Colorado ranks with Arkansas as the only states without requirements for landlords to guarantee that their properties are clean and safe.
We have a law mandating basic living standards for our pets. But minimum standards for human beings may be too much to ask state government, even one run by folks who call themselves Democrats.
“What does it take for people to stop having to live in crappy conditions?” asks Denver renter Lorena Garcia.
Garcia and her partner pay $975 a month for a home in which, among other problems, raw sewage seeps up from their shower and sinks.
State law requires the couple to keep paying their rent until their lease runs out this summer even though they’ve twice been displaced and say their landlord hardly has budged in making the house livable.
“This renting stuff sucks,” Garcia says.
That sentiment has been echoed by countless other renters since powerful landlords first quashed a tenants’ rights bill in 1969. Seventeen measures since have been defeated.
This session was supposed to be different.
The state Housing Division hired a mediator last summer to broker a compromise that, as agreed to, would have been one of the most business friendly in the country.
Ten days after the bill was introduced, the Colorado Apartment Association threw in a wrench. Landlords said it wasn’t enough for tenants simply to phone in complaints. They insisted renters submit written notice of property problems, even in emergencies.
Tenants balked. Yet when the landlords group walked away from talks, the tenants gave in.
But the association still won’t negotiate and has since tried killing the bill. Some tied to the group even worked to discredit the Housing Division for hiring a mediator.
“The landlords reneged on their promises,” says Democratic Rep.
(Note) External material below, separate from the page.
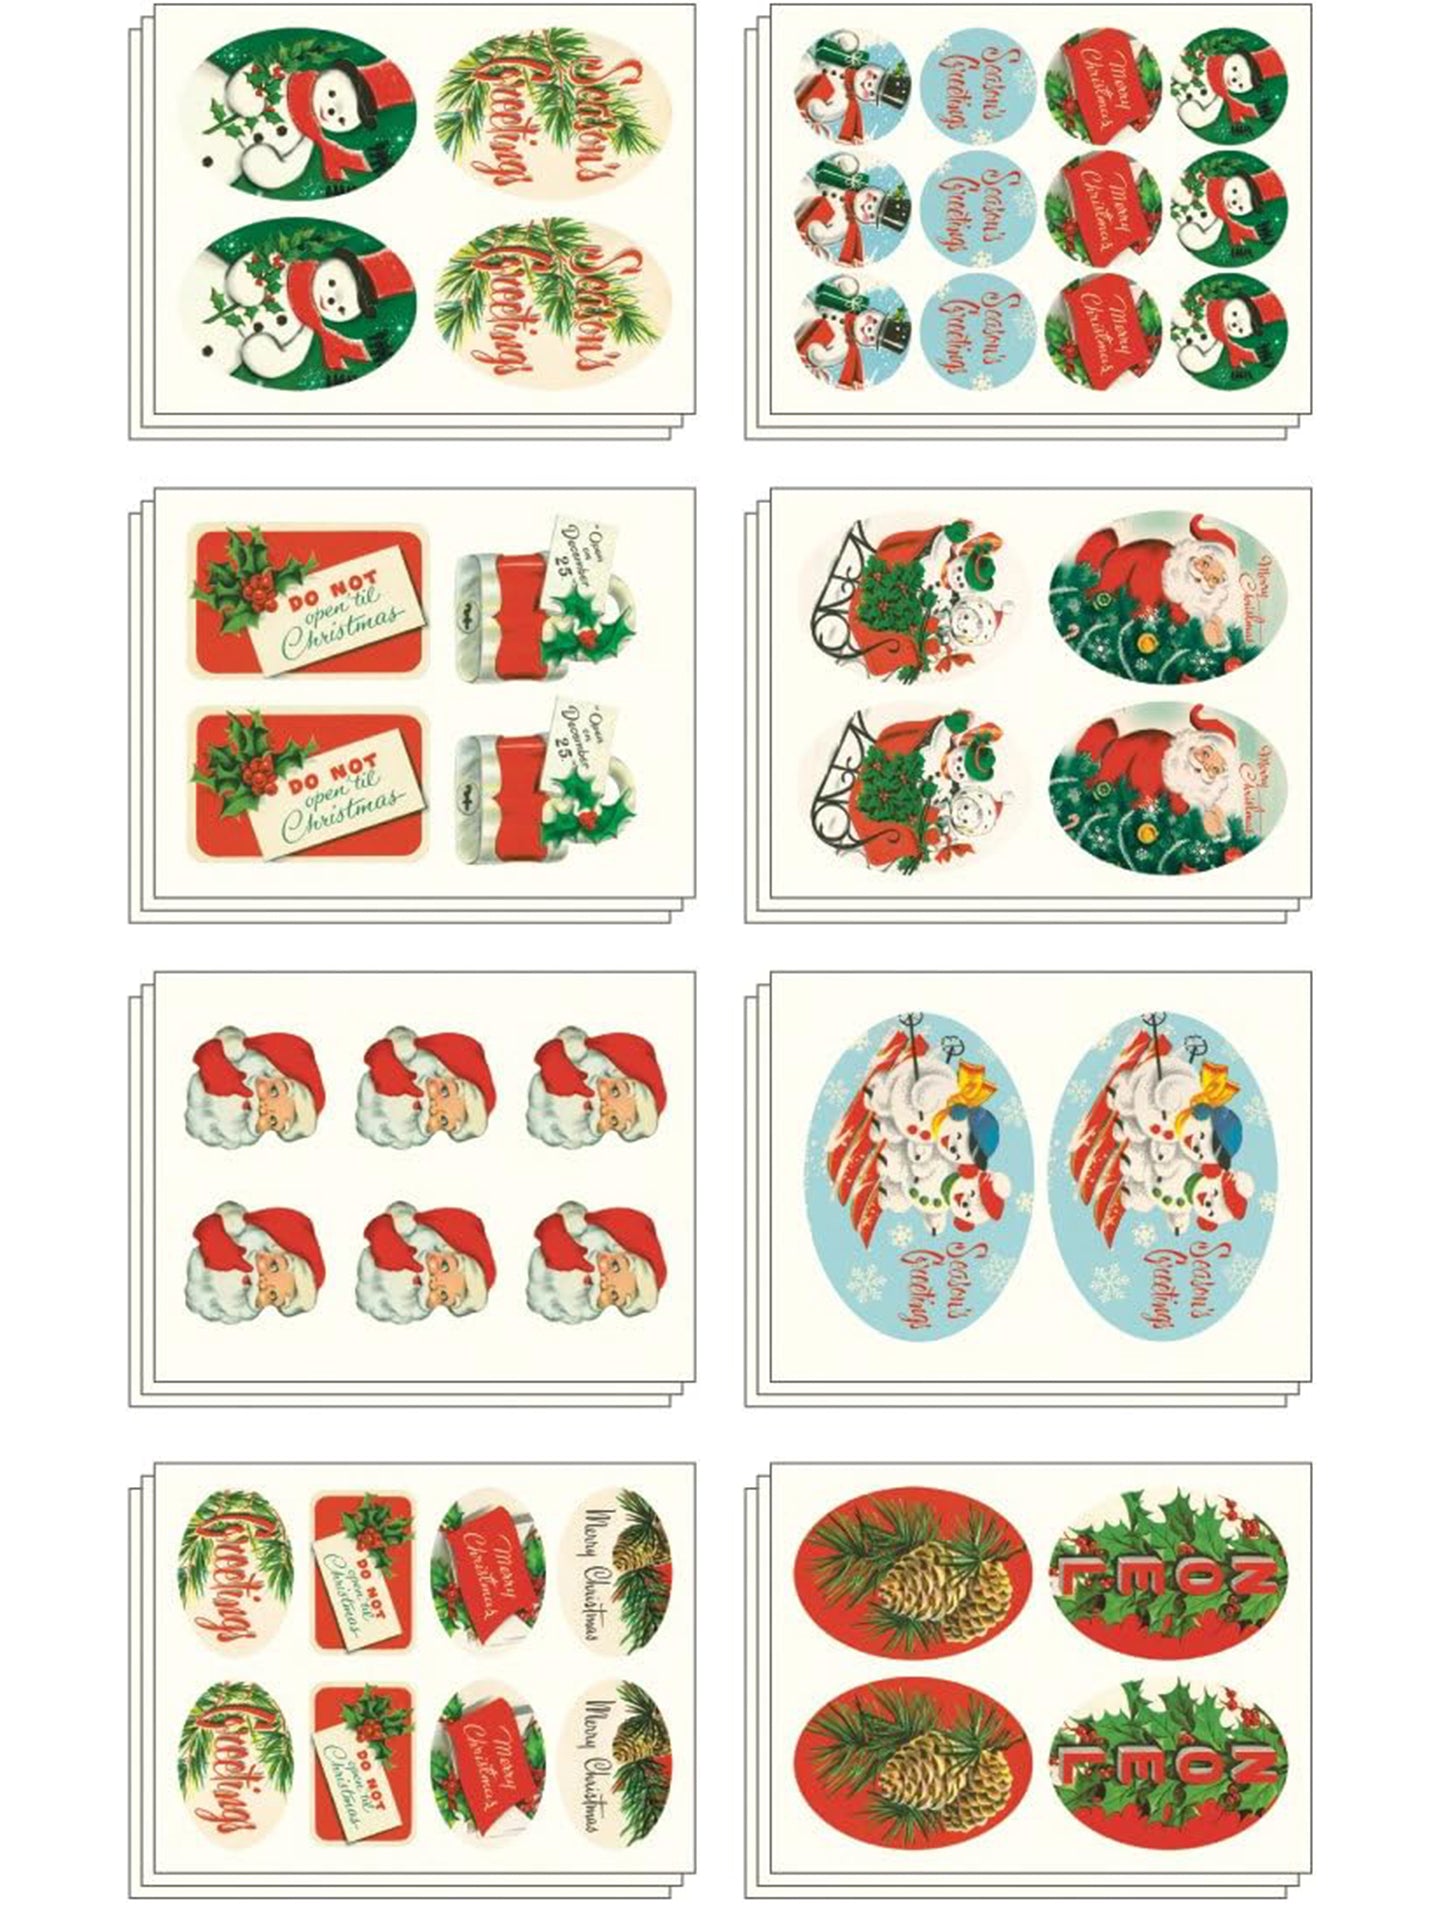 Tin Box of Christmas Stickers

Mike Merrifield, the sponsor.
Merrifield has continued watering down his bill to save it even from fellow Dems who own rental properties.
He removed language allowing tenants with unresponsive landlords to deduct the cost of repairs from rent checks. He agreed to require tenants to seek injunctive relief from district court, rather than small-claims court — a move likely to dissuade people who can’t afford lawyers. And he eased the definition of “unhabitable.”
Still, business types act like the sky is falling. Owners would have to raise rents, explain naysayers who speak as though renters would rise up in rabid revolt if given even the slightest of rights.
It’s tough to imagine such havoc from a bill that makes demands not on responsible owners, just slumlords who too long have had a free ride.
“Why would credible organizations want to protect bad landlords?” asks state housing chief Kathy Williams.
The bill passed the House last week despite opposition from all Republicans and Democratic Rep. Bernie Buescher, who is eyeing the House speaker job next year.
It moves this week to the Senate, where it’s expected to face even fiercer opposition from the powerful landlords lobby.
Democrat Bill Ritter — whose home in the Governor’s Mansion we, as taxpayers, pay to upkeep — hasn’t taken a stance on a bill that should be a no-brainer in his party.
For his sake, let’s hope no sewage backs up in condos rented this summer by his cronies hitting town for the Democratic National Convention.